Each DIMM is attached to an NVDIMM controller.

Memory on the DIMMs is divided up into _namespaces_.  The word
"namespace" is rather misleading though; a namespace in this context
is not actually a space of names (contrast, for example "C++
namespaces"); rather, it's more like a SCSI LUN, or a volume, or a
partition on a drive: a set of data which is meant to be viewed and
accessed as a unit.  (The name was apparently carried over from NVMe
devices, which were precursors of the NVDIMM spec.)

The NVDIMM controller allows two ways to access the DIMM.  One is
mapped 1-1 in _system physical address space_ (SPA), much like normal
RAM.  This method of access is called _PMEM_.  The other method is
similar to that of a PCI device: you have a control and status
register which control an 8k aperture window into the DIMM.  This
method access is called _PBLK_.

In the case of PMEM, as in the case of DRAM, addresses from the SPA
are interleaved across a set of DIMMs (an _interleave set_) for
performance reasons.  A specific PMEM namespace will be a single
contiguous DPA range across all DIMMs in its interleave set.  For
example, you might have a namespace for DPAs `0-0x50000000` on DIMMs 0
and 1; and another namespace for DPAs `0x80000000-0xa0000000` on DIMMs
0, 1, 2, and 3.

In the case of PBLK, a namespace always resides on a single DIMM.
However, that namespace can be made up of multiple discontiguous
chunks of space on that DIMM.  For instance, in our example above, we
might have a namespace om DIMM 0 consisting of DPAs
`0x50000000-0x60000000`, `0x80000000-0x90000000`, and
`0xa0000000-0xf0000000`.

The interleaving of PMEM has implications for the speed and
reliability of the namespace: Much like RAID 0, it maximizes speed,
but it means that if any one DIMM fails, the data from the entire
namespace is corrupted.  PBLK makes it slightly less straightforward
to access, but it allows OS software to apply RAID-like logic to
balance redundancy and speed.

Furthermore, PMEM requires one byte of SPA for every byte of NVDIMM;
for large systems without 5-level paging, this is actually becoming a
limitation.  Using PBLK allows existing 4-level paged systems to
access an arbitrary amount of NVDIMM.

## Namespaces, labels, and the label area

A namespace is a mapping from the SPA and MMIO space into the DIMM.

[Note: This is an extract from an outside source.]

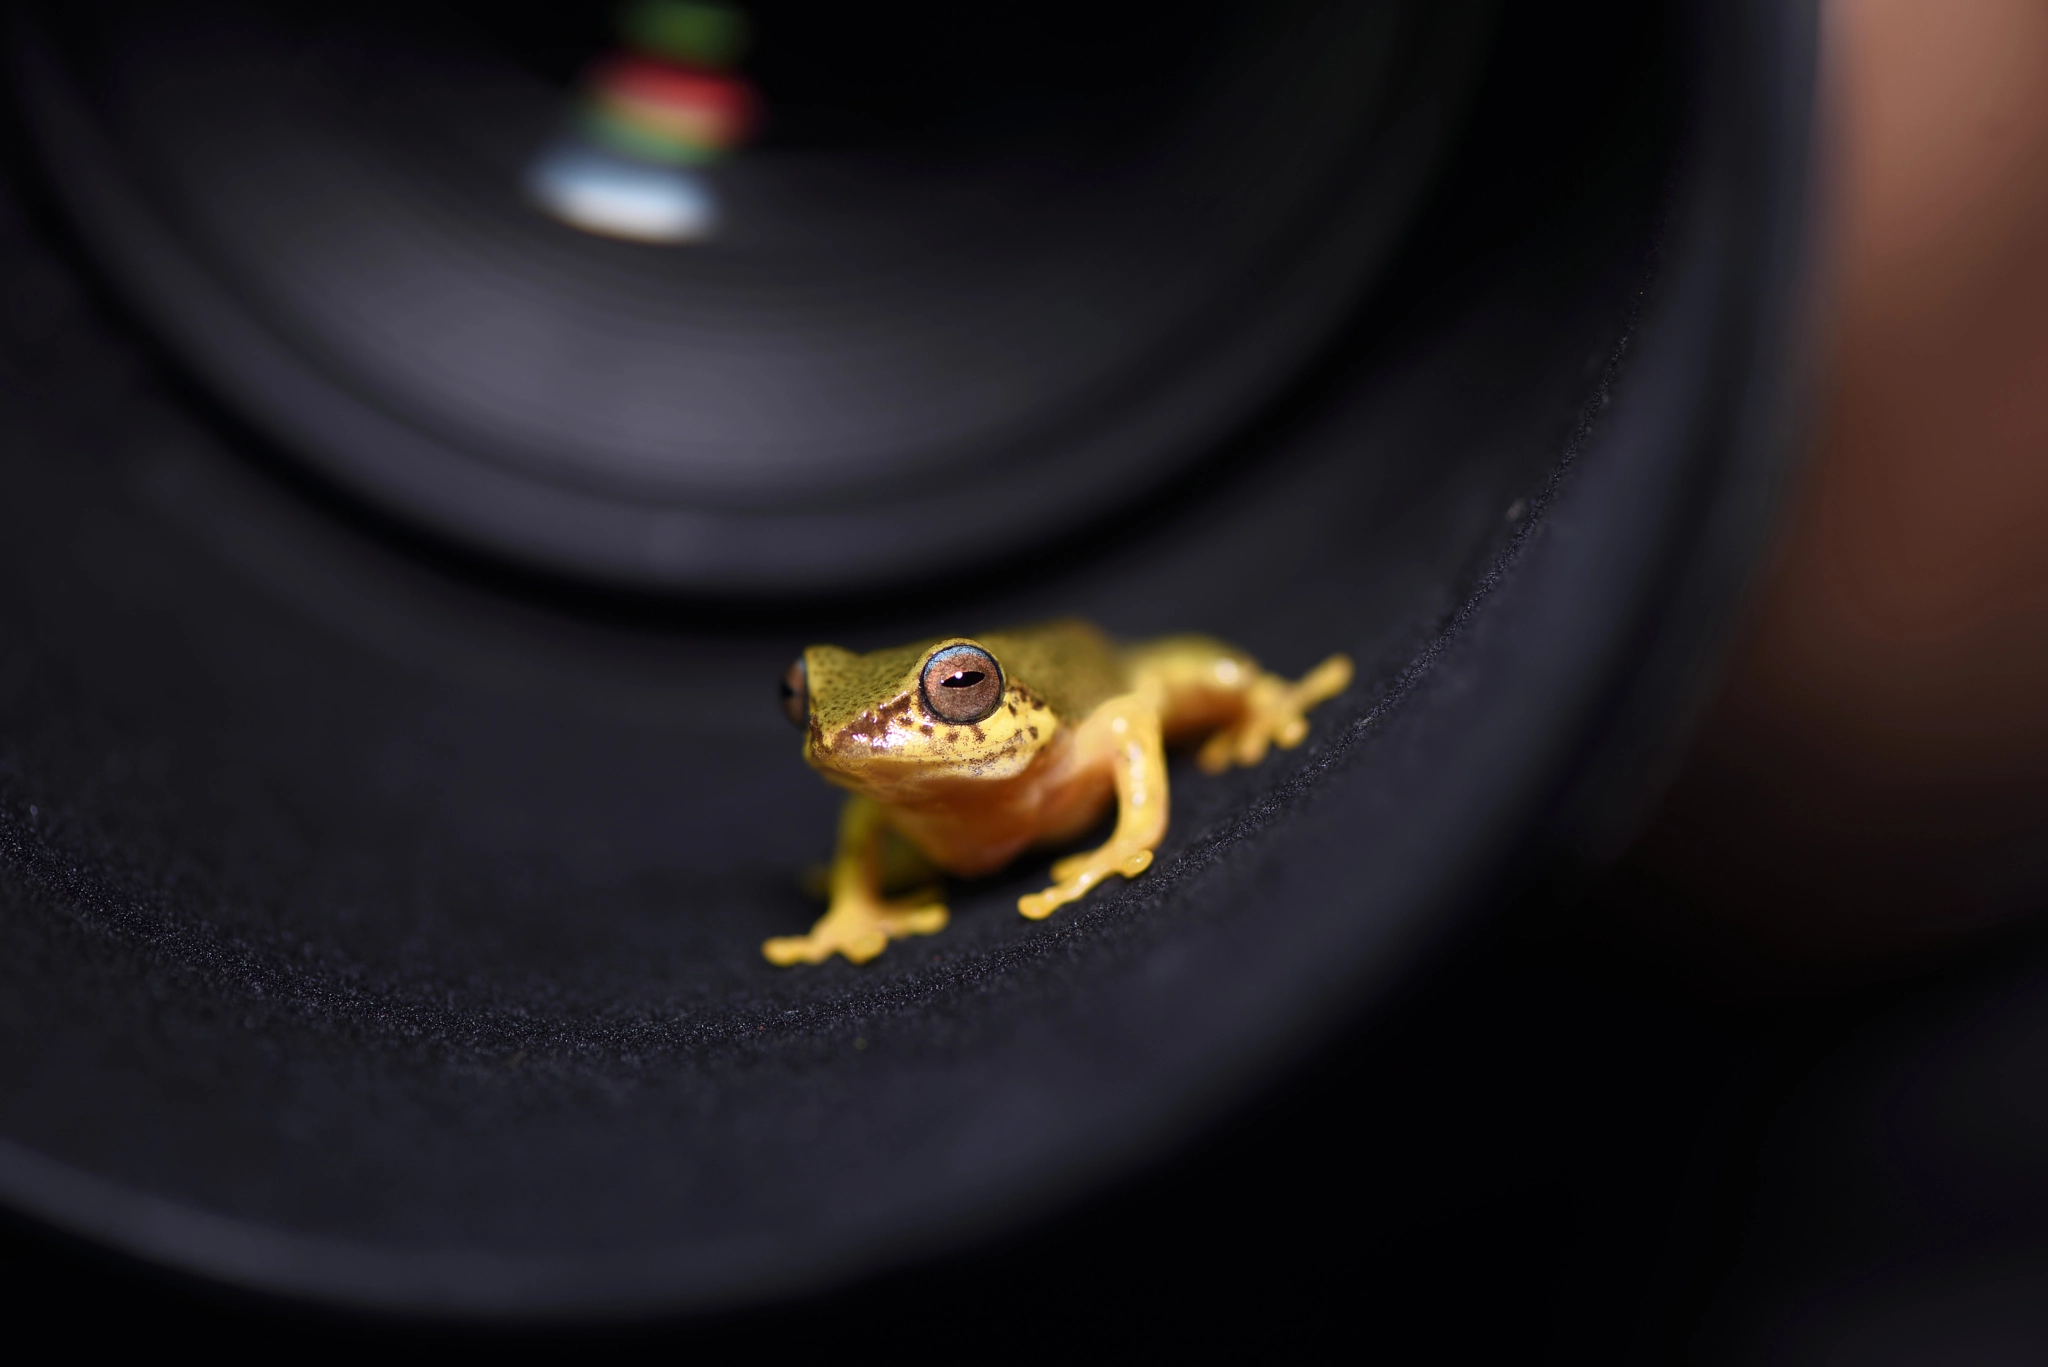 Bush frog inside camera lens

The firmware and/or operating system can talk to the NVDIMM controller
to set up mappings from SPA and MMIO space into the DIMM.  Because the
memory and PCI devices are separate, it would be possible for buggy
firmware or NVDIMM controller drivers to misconfigure things such that
the same DPA is exposed in multiple places; if so, the results are
undefined.

Namespaces are constructed out of "labels".  Each DIMM has a Label
Storage Area, which is persistent but logically separate from the
device-addressable areas on the DIMM.  A label on a DIMM describes a
single contiguous region of DPA on that DIMM.  A PMEM namespace is
made up of one label from each of the DIMMs which make its interleave
set; a PBLK namespace is made up of one label for each chunk of range.

In our examples above, the first PMEM namespace would be made of two
labels (one on DIMM 0 and one on DIMM 1, each describind DPA
`0-0x50000000`), and the second namespace would be made of four labels
(one on DIMM 0, one on DIMM 1, and so on).  Similarly, in the PBLK
example, the namespace would consist of three labels; one describing
`0x50000000-0x60000000`, one describing `0x80000000-0x90000000`, and
so on.

The namespace definition includes not only information about the DPAs
which make up the namespace and how they fit together; it also
includes a UUID for the namespace (to allow it to be identified
uniquely), a 64-character "name" field for a human-friendly
description, and Type and Address Abstraction GUIDs to inform the
operating system how the data inside the namespace should be
interpreted.  Additionally, it can have an `ROLABEL` flag, which
indicates to the OS that "device drivers and manageability software
should refuse to make changes to the namespace labels", because
"attempting to make configuration changes that affect the namespace
labels will fail (i.e. because the VM guest is not in a position to
make the change correctly)".

See the [UEFI Specification][uefi-spec], section 13.19, "NVDIMM Label
Protocol", for more information.

[uefi-spec]:
http://www.uefi.org/sites/default/files/resources/UEFI%20Spec%202_7_A%20Sept%206.pdf

## NVDIMMs and ACPI

The [ACPI Specification][acpi-spec] breaks down information in two ways.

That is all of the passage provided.